Filter rows for people older than 25.

# Base R 
df_baseR[df_baseR$Age > 25 ,]

# Tidyverse 
df_tidyverse %>% 
  filter(Age > 25)

Filter row for people that are 30 years old or younger and have sales in 2022 over 200.

# Base R 
df_baseR[!is.na(df_baseR$Age) & !is.na(df_baseR$sales_2022) &
         df_baseR$Age <= 30 & df_baseR$sales_2022 > 200 ,]

# Tidyverse 
df_tidyverse %>% 
  filter(Age <= 30, sales_2022 > 200)

Add column.

# Base R 
df_baseR$mood <- "happy"

# Tidyverse 
df_tidyverse <- df_tidyverse %>% 
  mutate(mood = "happy")

Conditions using ifelse.

# Base R 
df_baseR$raise <- ifelse(df_baseR$sales_2023 > df_baseR$sales_2022, "yes", "no")

# Tidyverse 
df_tidyverse <- df_tidyverse %>% 
  mutate(raise = ifelse(sales_2023 > sales_2022, "yes", "no"))

Conditions using case_when.

# Base R 
df_baseR$group <- ifelse(df_baseR$Age < 30 & df_baseR$Sex == "Female", "young_female",
                  ifelse(df_baseR$Age < 30 & df_baseR$Sex == "Male", "young_male",
                  ifelse(df_baseR$Age >= 30 & df_baseR$Sex == "Female", "mature_female",
                  ifelse(df_baseR$Age >= 30 & df_baseR$Sex == "Male", "mature_male", NA))))

# Tidyverse 
df_tidyverse <- df_tidyverse %>% 
  mutate(group = case_when(Age < 30 & Sex == "Female" ~ "young_female",
                           Age < 30 & Sex == "Male" ~ "young_male",
                           Age >= 30 & Sex == "Female" ~ "mature_female",
                           Age >= 30 & Sex == "Male" ~ "mature_male", 
                           .default = NA))

Check which columns have NAs.

# Base R
colSums(is.na(df_baseR))

# Tidyverse
df_tidyverse %>% summarise(across(everything(), ~ sum(is.na(.))))

Remove rows with any NAs.

# Base R
df_baseR_no_na <- df_baseR[complete.cases(df_baseR), ]

# Tidyverse
df_tidyverse_no_na <- df_tidyverse %>% drop_na()

Sort data based on sales in 2022 in descending order.

# Base R 
df_baseR[order(-df_baseR$sales_2022) ,]

# Tidyverse 
df_tidyverse %>% arrange(desc(sales_2022))

Do the filtering in 4. and select the Name and Sex column.
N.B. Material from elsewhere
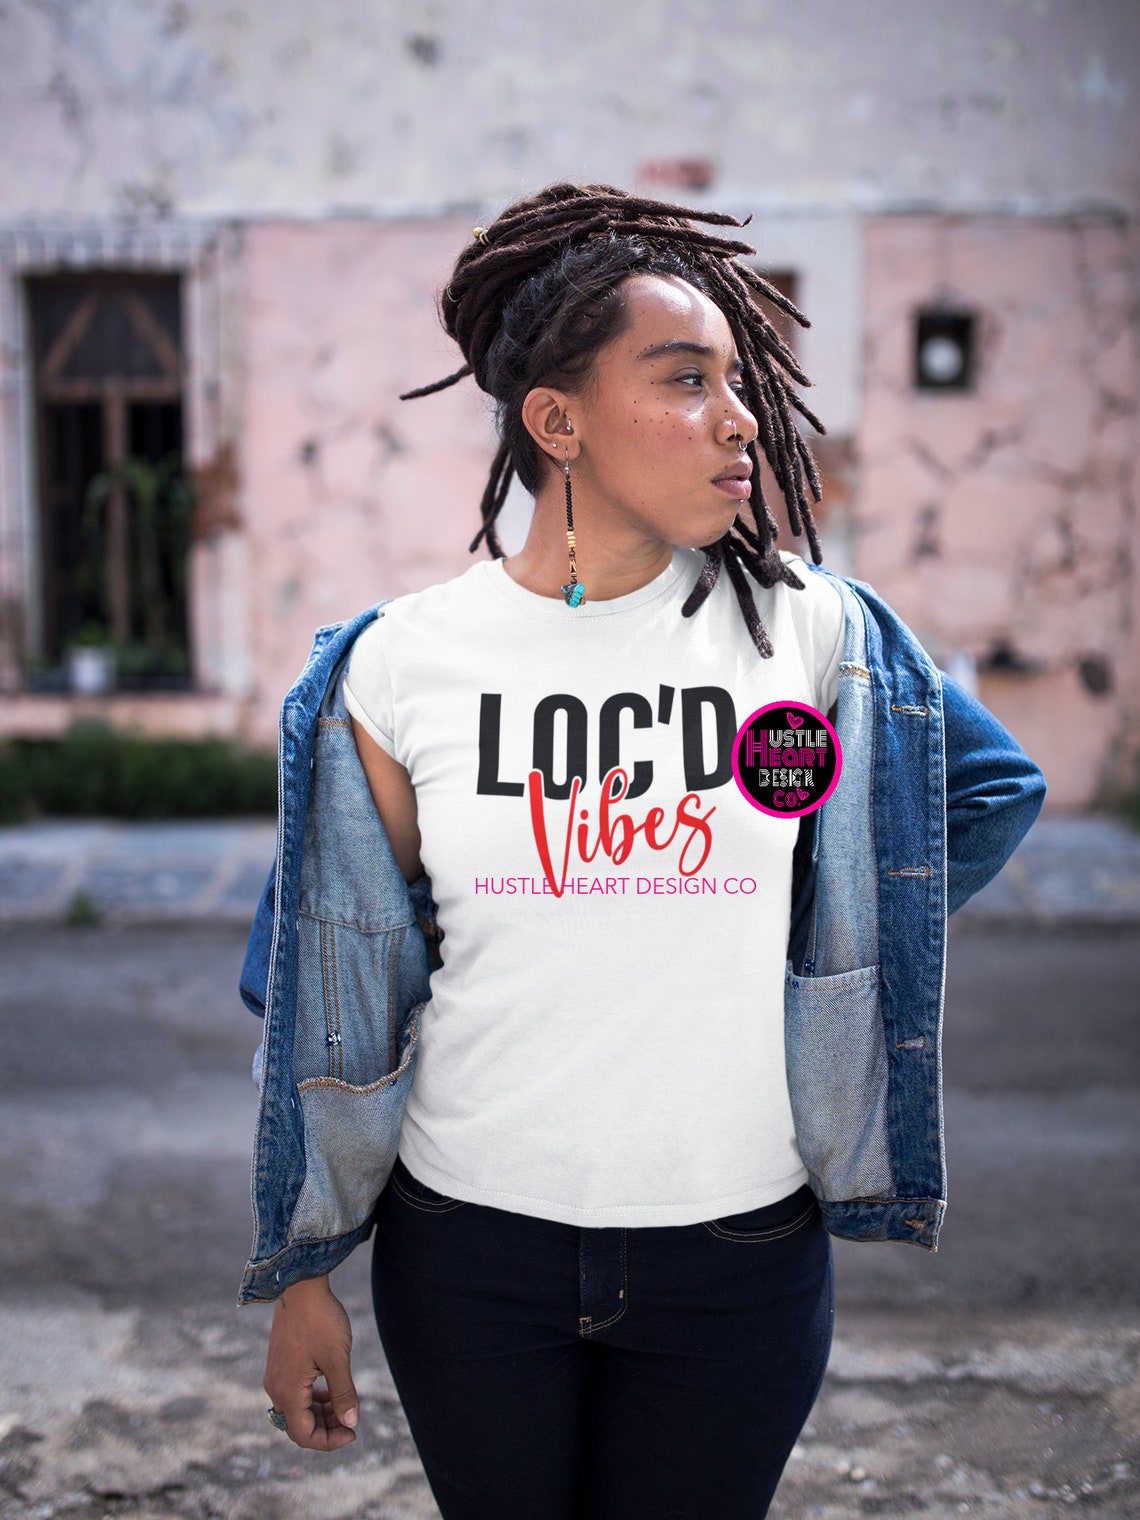 Download Locs Svg It's The Locs for Me Svg Loc'd Vibes Svg | Etsy

This far, do you prefer the base R or tidyverse way? Do you see pros and cons with both?

# Base R, NAs not removed
df_baseR[!is.na(df_baseR$Age) & !is.na(df_baseR$sales_2022) &
         df_baseR$Age <= 30 & df_baseR$sales_2022 > 200 , c('Age', 'Sex')]

# Base R, NAs removed
df_baseR_no_na[df_baseR_no_na$Age <= 30 & df_baseR_no_na$sales_2022 > 200 , c('Age', 'Sex')]

# Tidyverse 
df_tidyverse %>% 
  filter(Age <= 30, sales_2022 > 200) %>% 
  select(Age, Sex)

The df_location data frame contains information about the cities of the sales people.

set.seed(101)

df_location <- data.frame(
  ID = sample(10),
  City = c("New York", "LA", "New York", "Chicago", "Miami", "Miami", "LA", "Chicago", "LA", "New York")
)

head(df_location)

Join df and df_location. For base R we use merge and for tidyverse we use left_join.

# Base R 
df_baseR_merged <- merge(df_baseR, df_location, by = 'ID')
head(df_baseR_merged)

# Tidyverse 
df_tidyverse_join <- df_tidyverse %>% left_join(df_location, by = 'ID')
head(df_tidyverse_join)

Count the number of people in each of the unique cities.

# Base R
table(df_baseR_merged$City)

# Tidyverse
df_tidyverse_join %>% count(City)

String manipulation

We will do string manipulation the tidyverse way.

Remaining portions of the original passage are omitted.